The data.
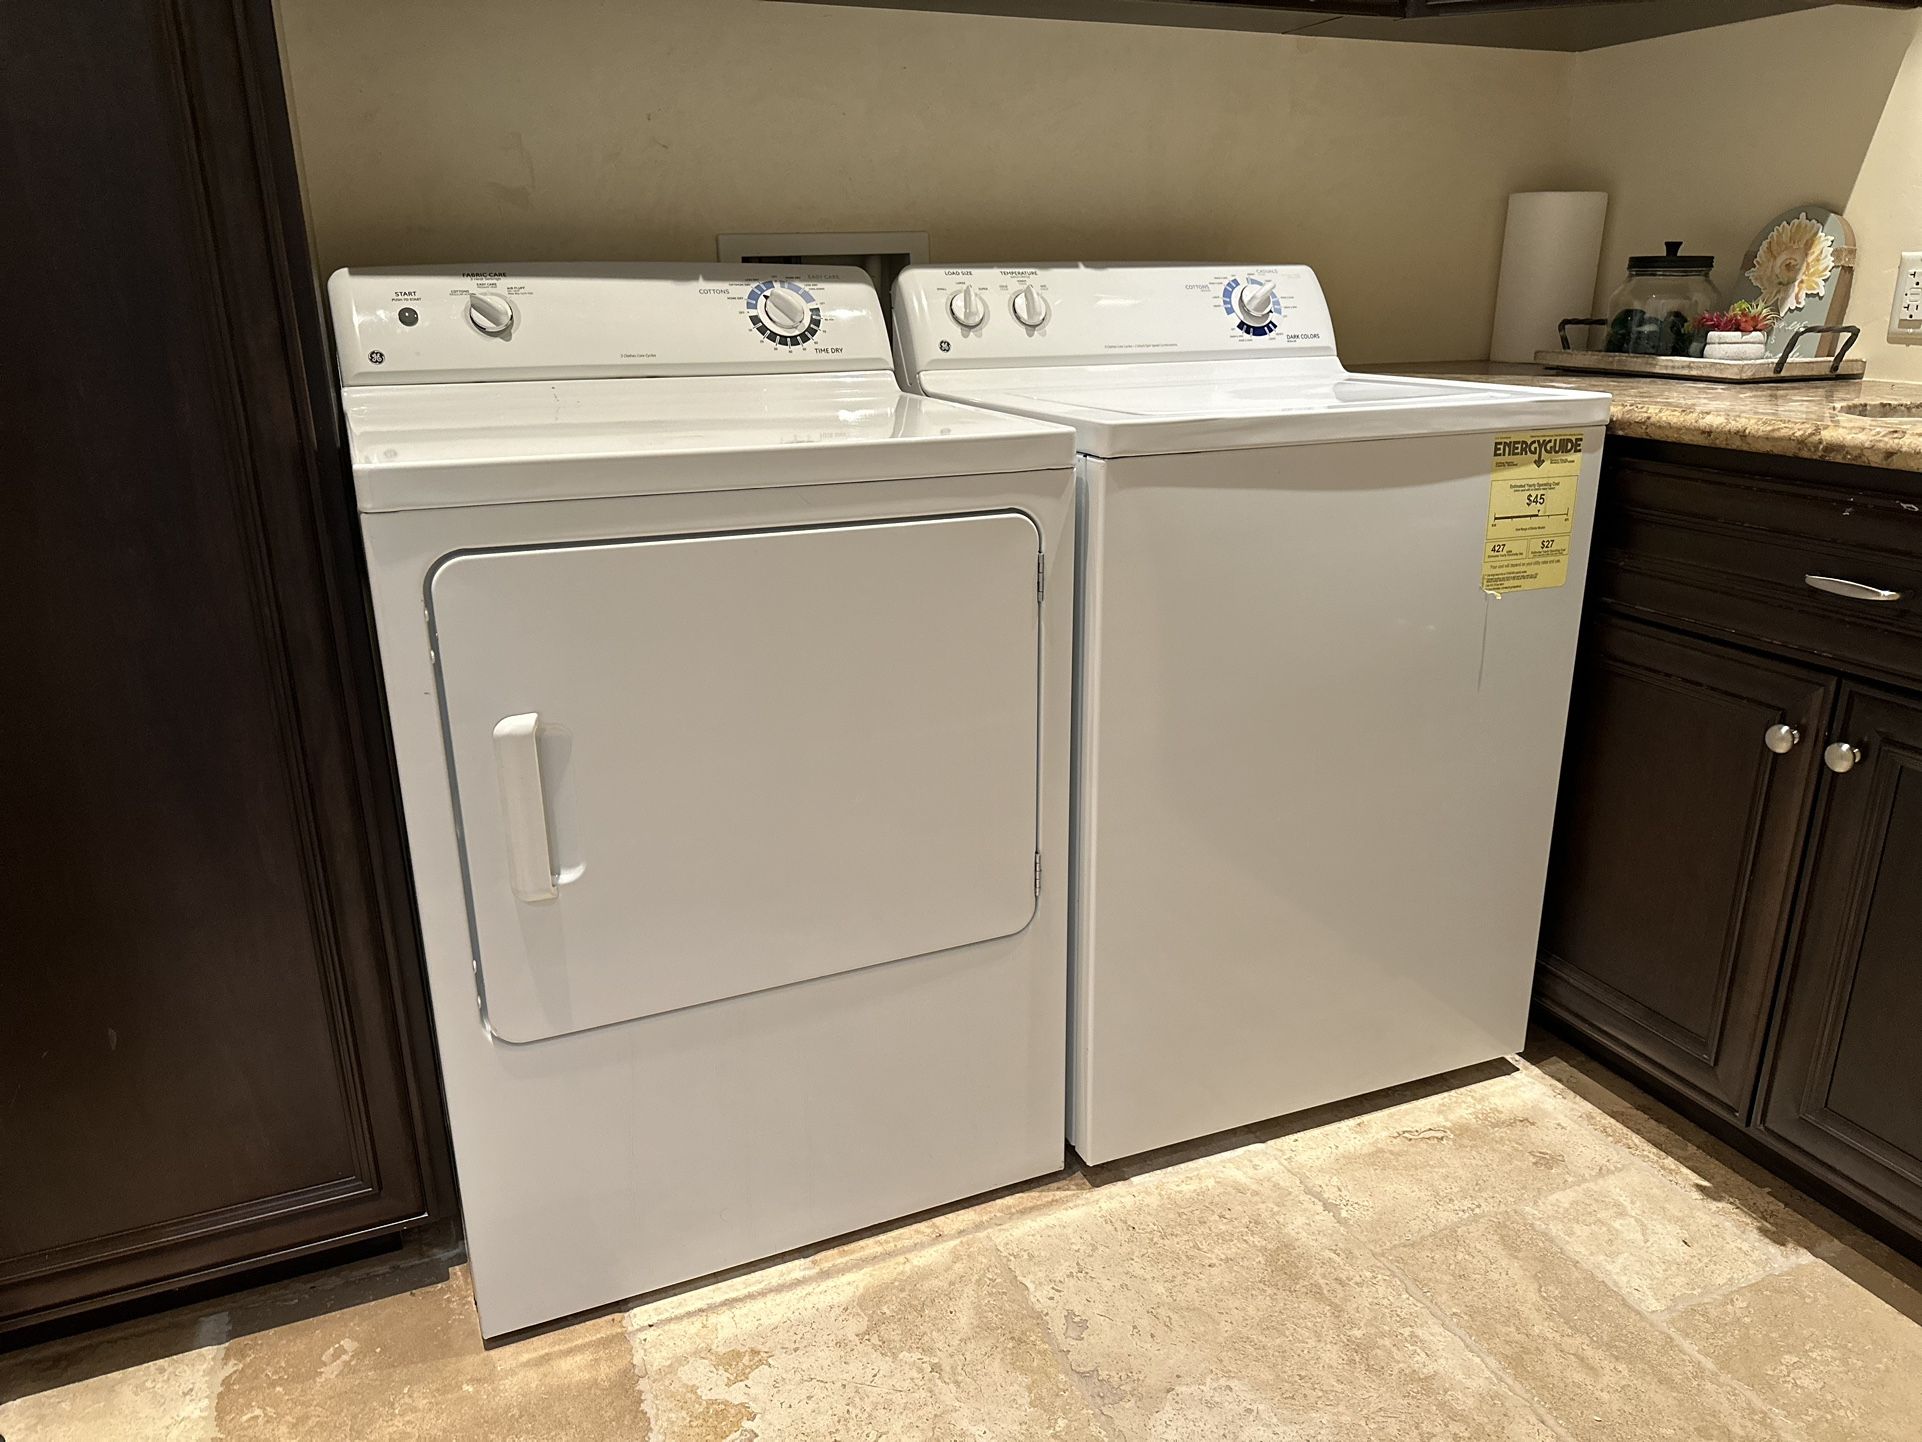 GE Washer & Electric Dryer Set For SALE!
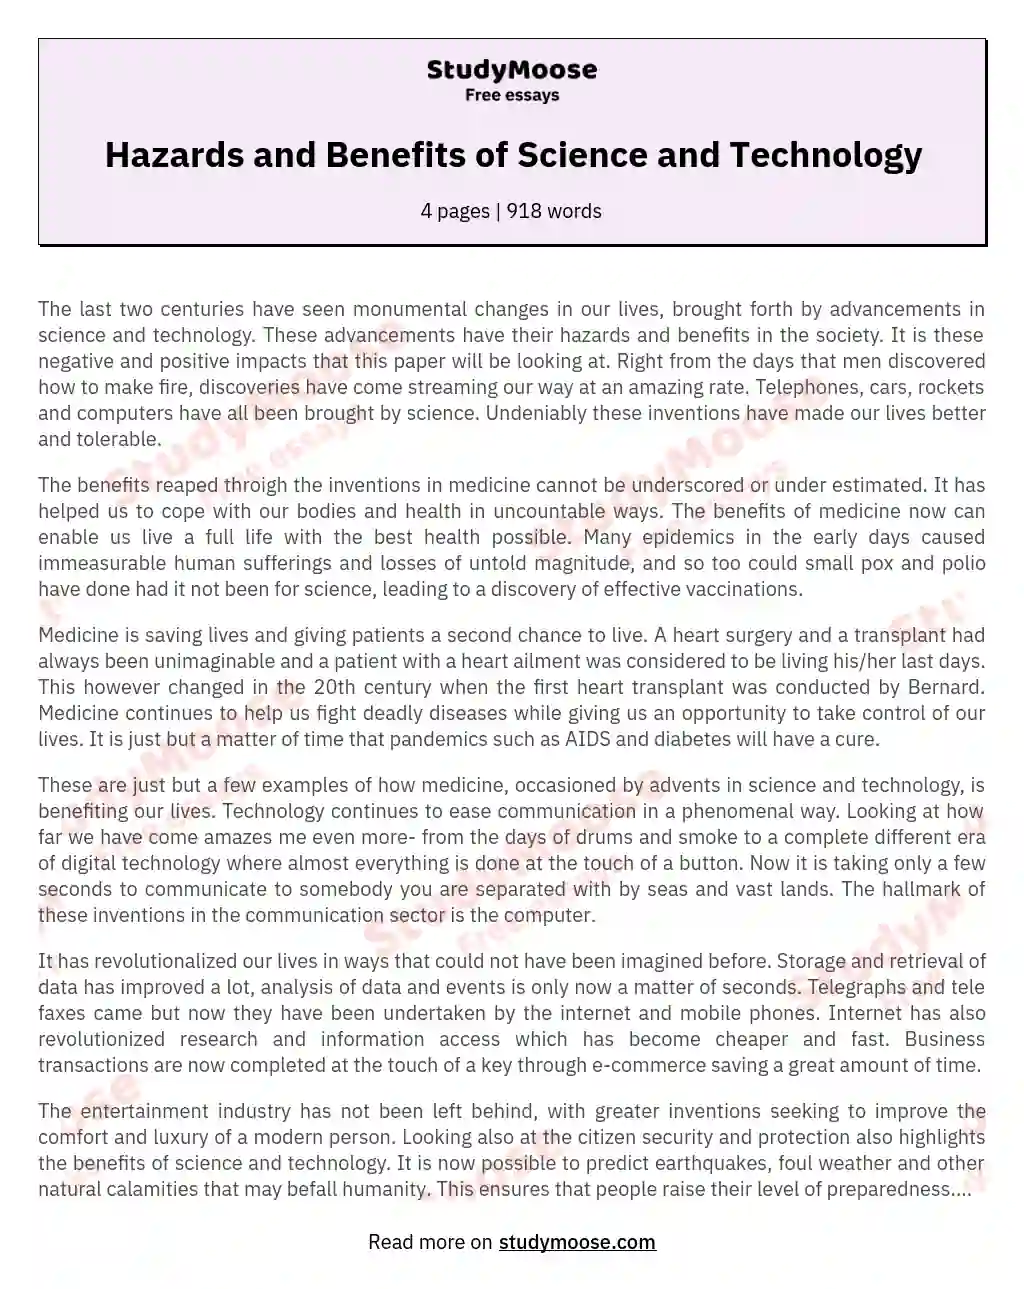 Hazards and Benefits of Science and Technology essay
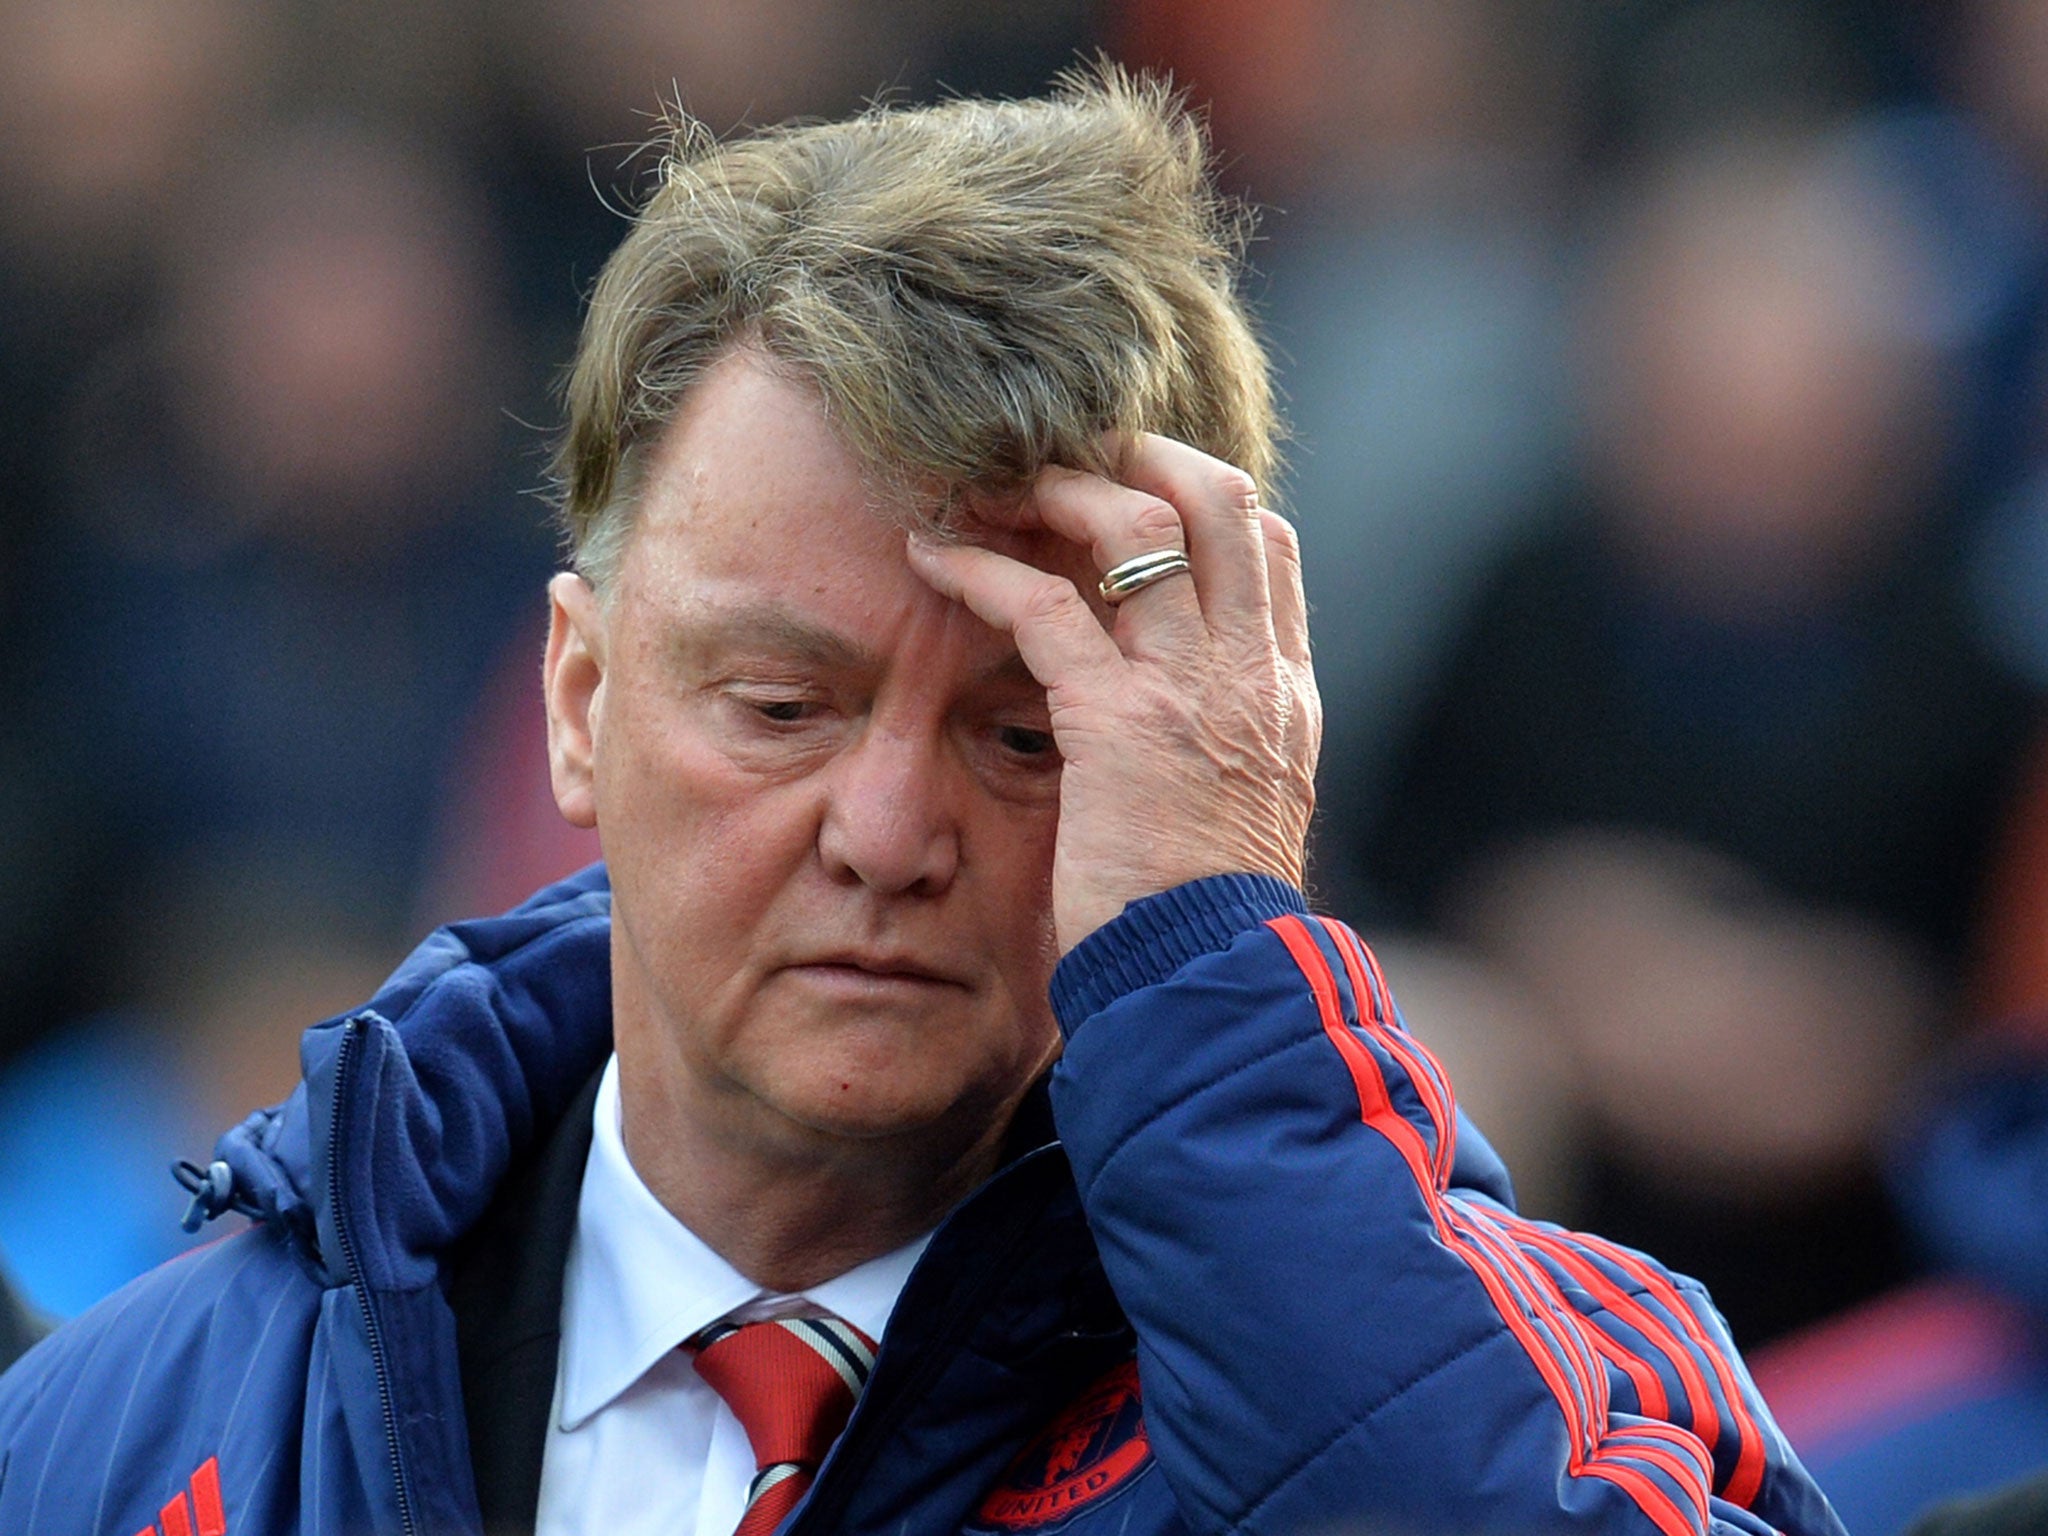 Manchester United manager Louis van Gaal gave no assurances he would remain manager

Task. The lines from the one containing "Hazards and Benefits" to the end of the material must be output exactly, both ends included; no picture may appear.

Written solution.
 Hazards and Benefits of Science and Technology essay
 Manchester United manager Louis van Gaal gave no assurances he would remain manager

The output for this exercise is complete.